> STORED DATA
•••••

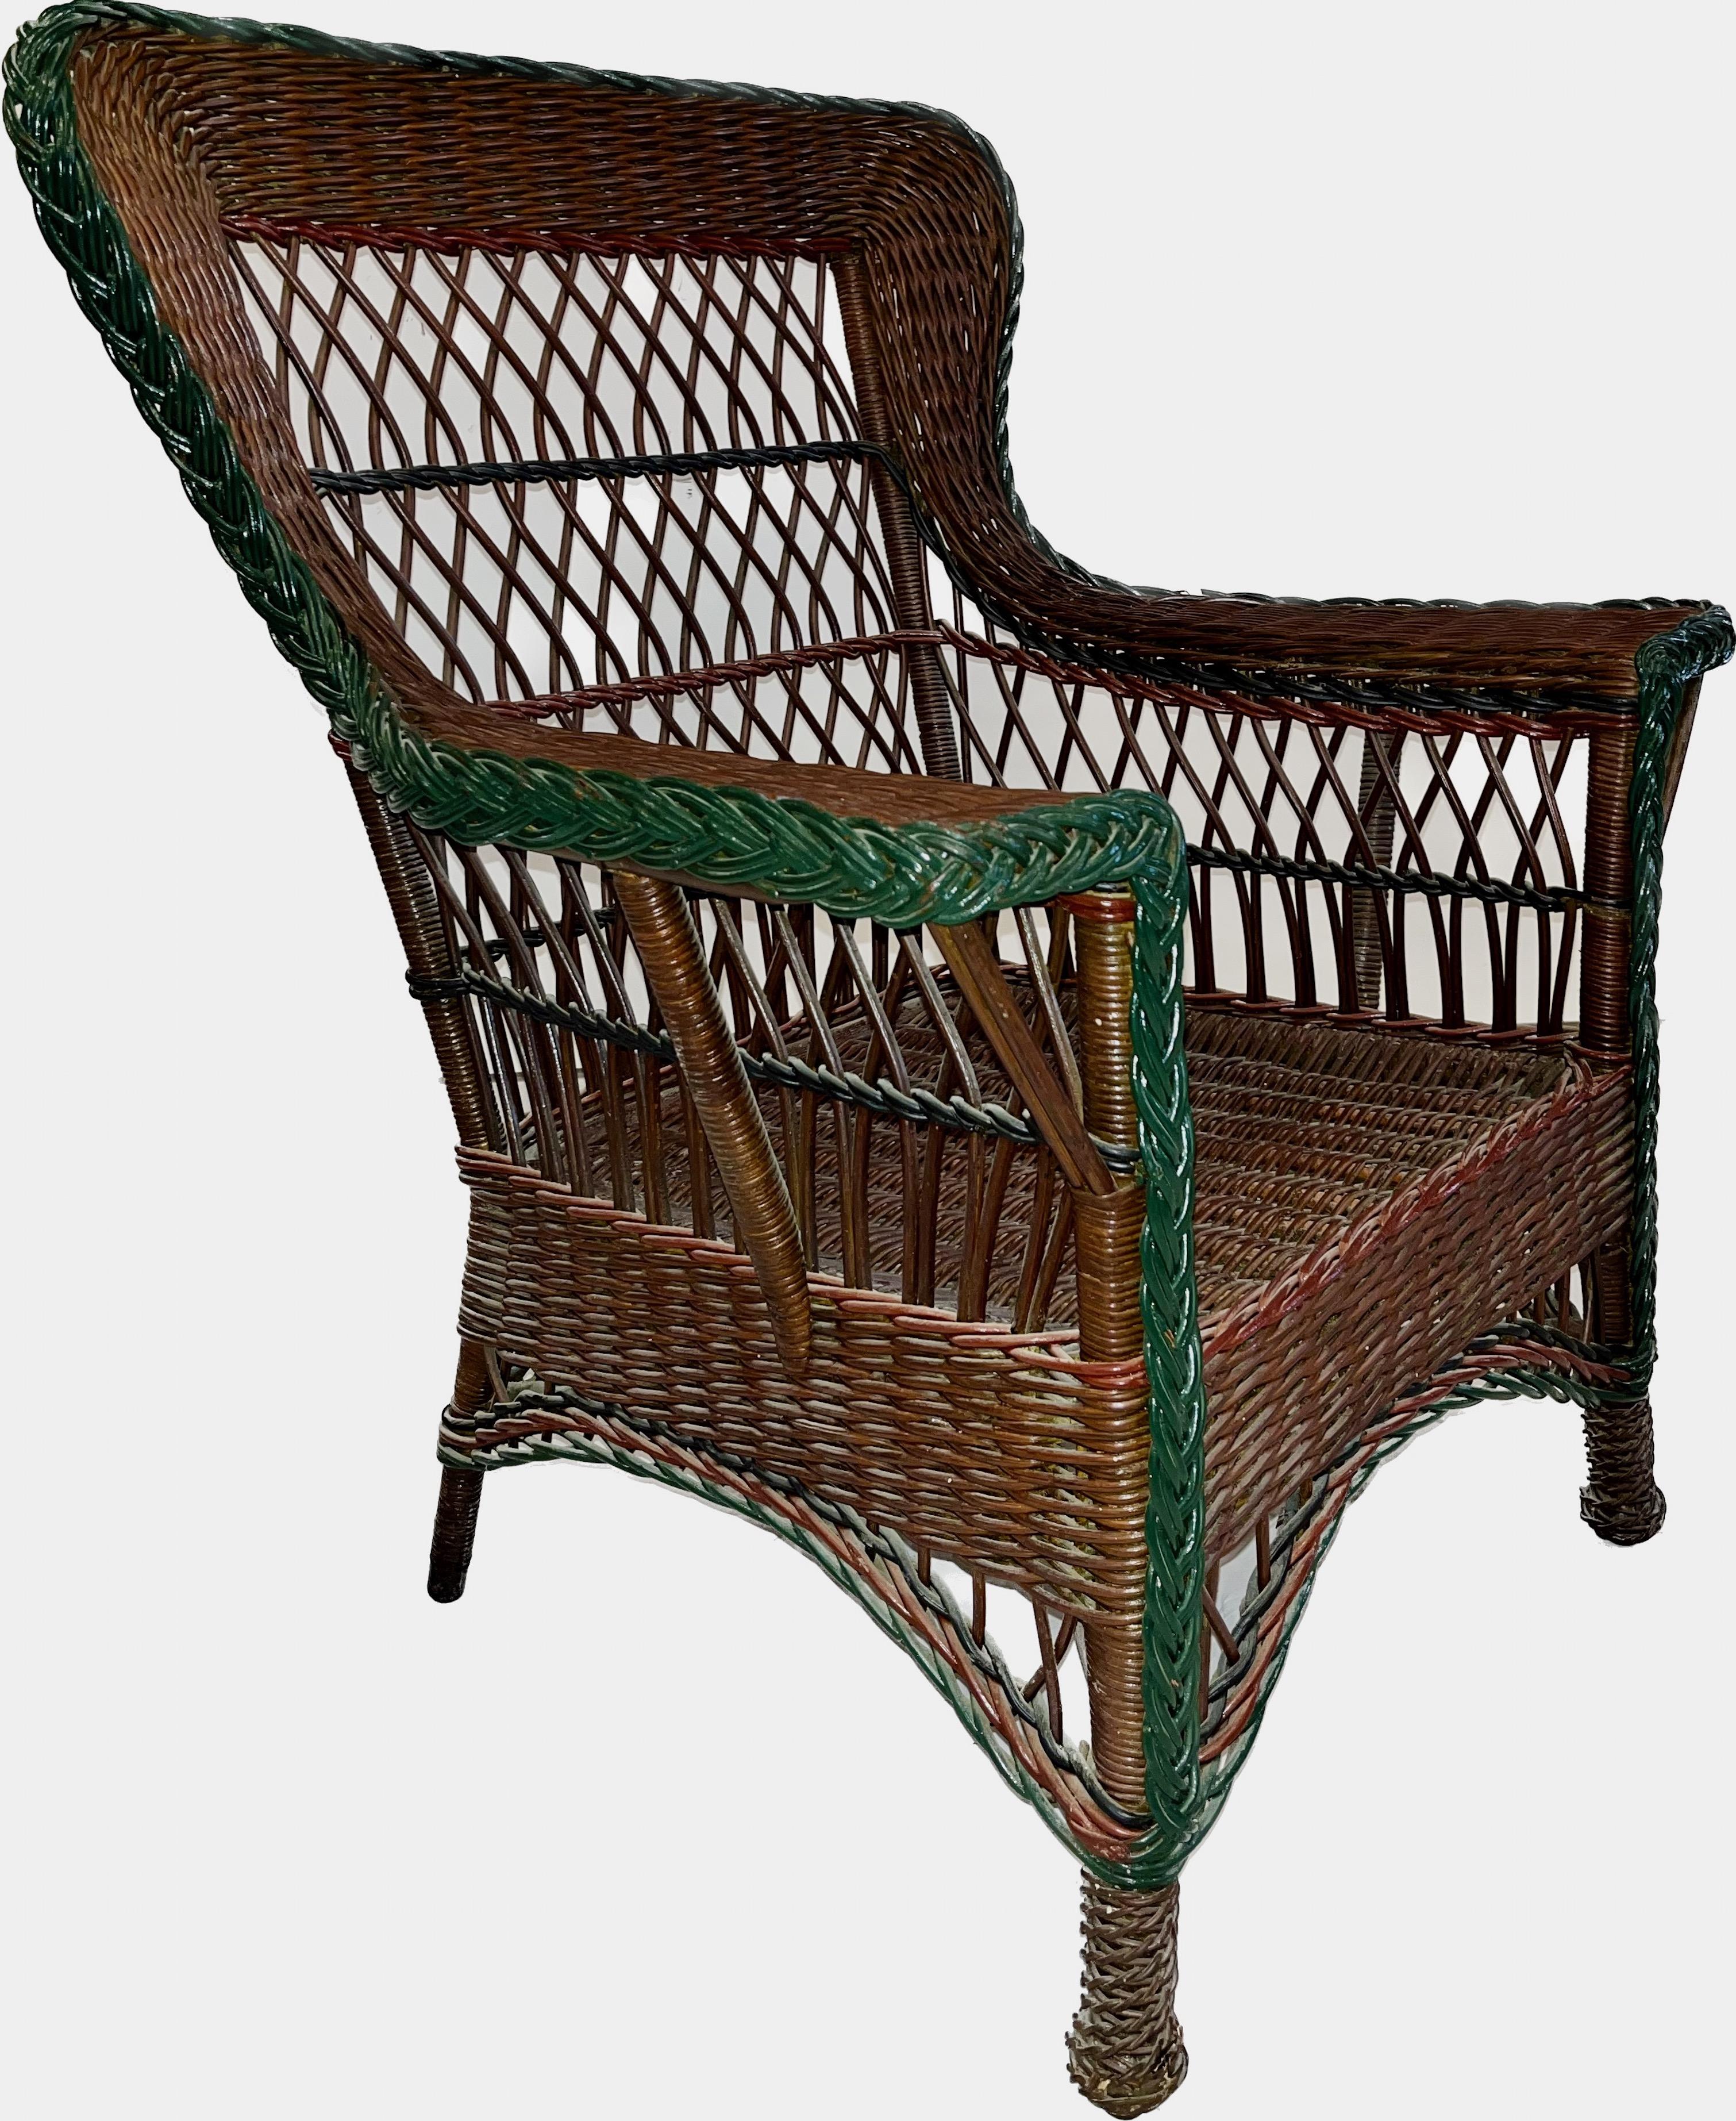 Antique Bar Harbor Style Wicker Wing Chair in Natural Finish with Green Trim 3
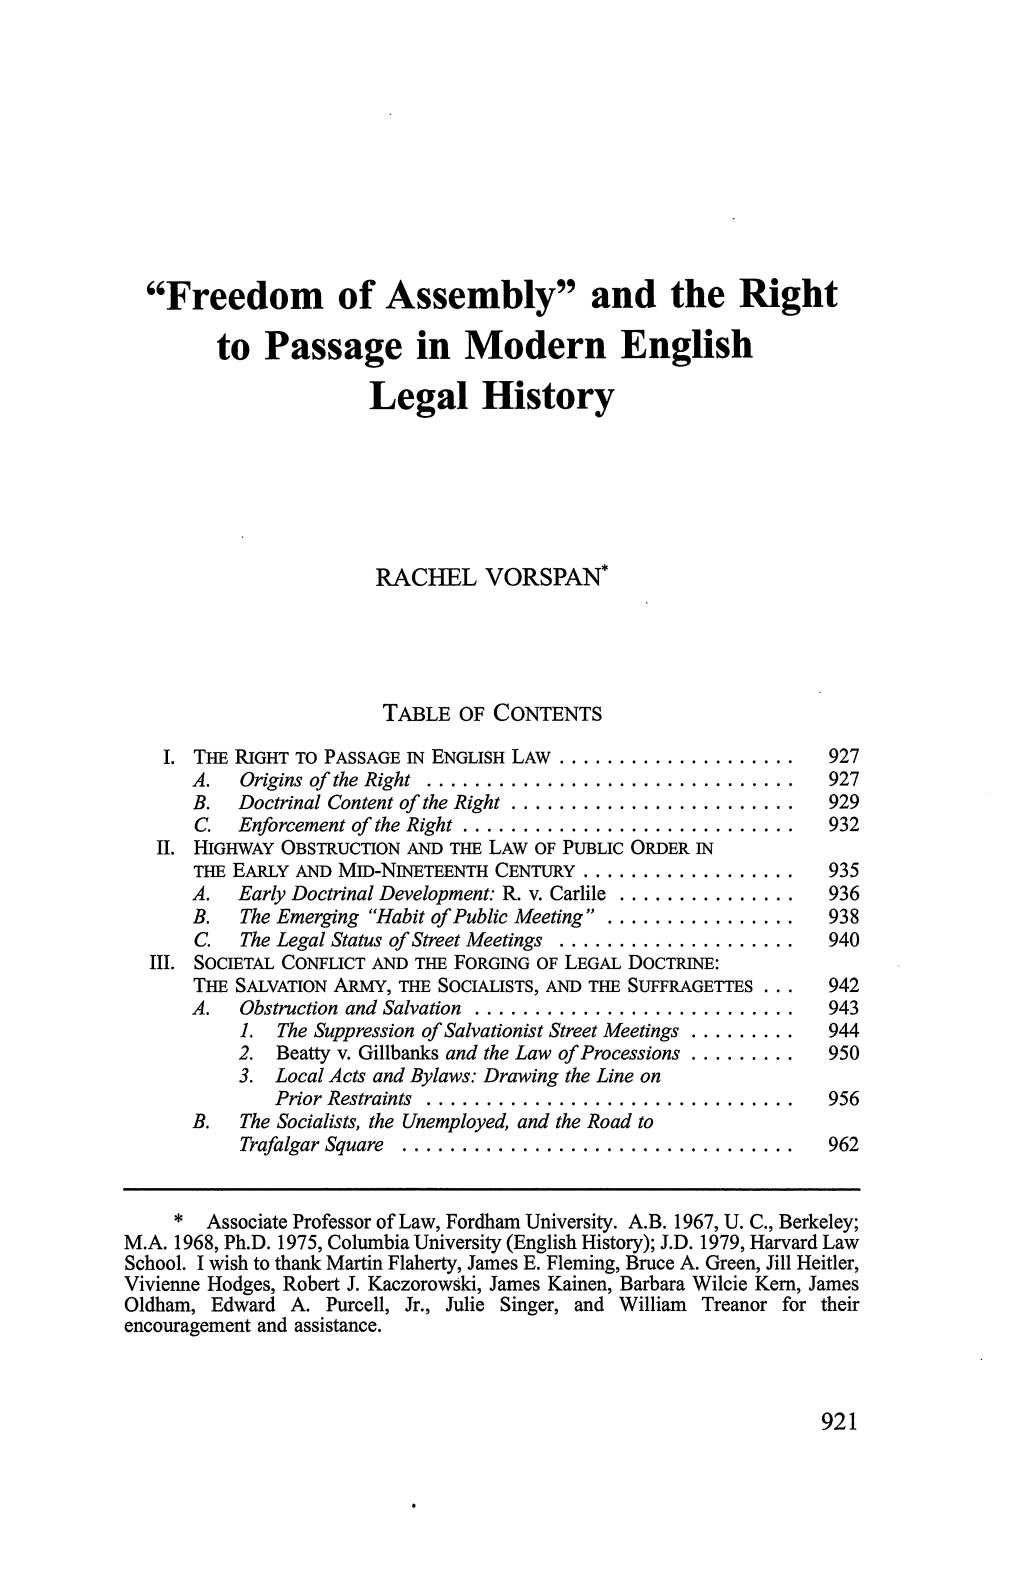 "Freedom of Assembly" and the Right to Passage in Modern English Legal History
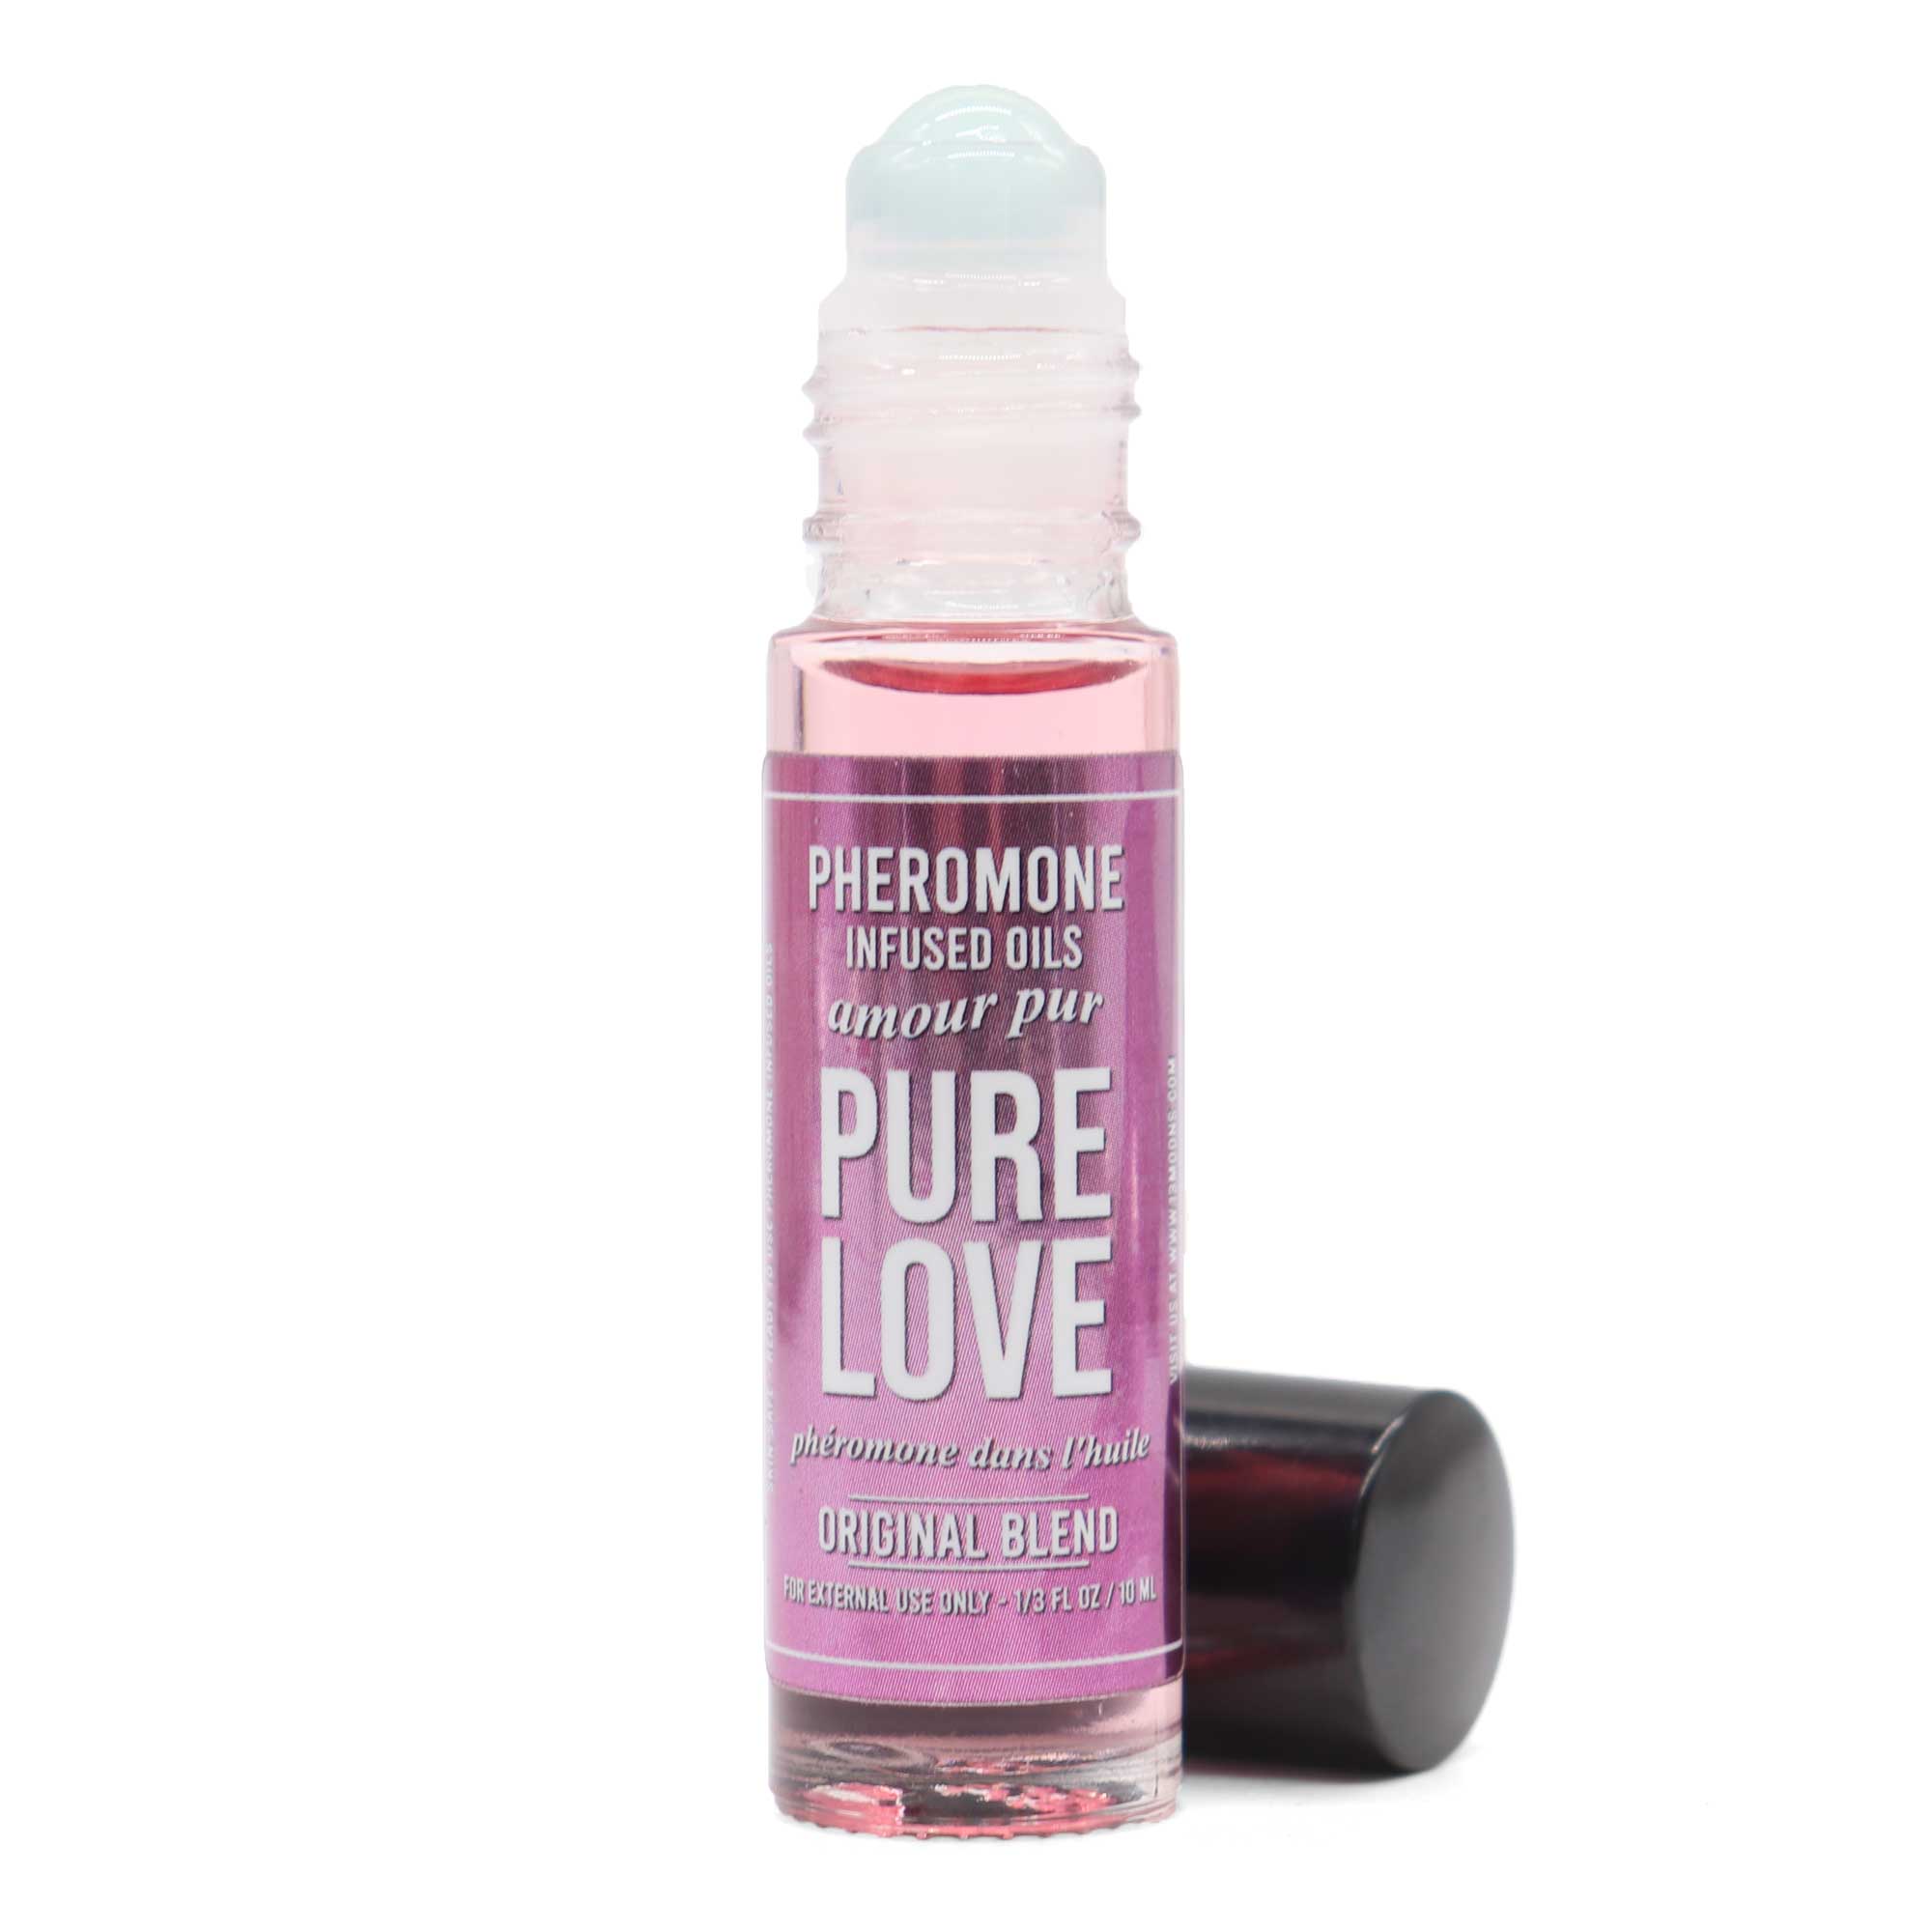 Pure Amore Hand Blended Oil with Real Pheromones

•••••

> PROBLEM TO WORK ON
In the listing, find the line containing "English Legal History" and repeat it and every later line through the last one, word for word, excluding the pictures.

> TASK RESULT
 "Freedom of Assembly" and the Right to Passage in Modern English Legal History
 Pure Amore Hand Blended Oil with Real Pheromones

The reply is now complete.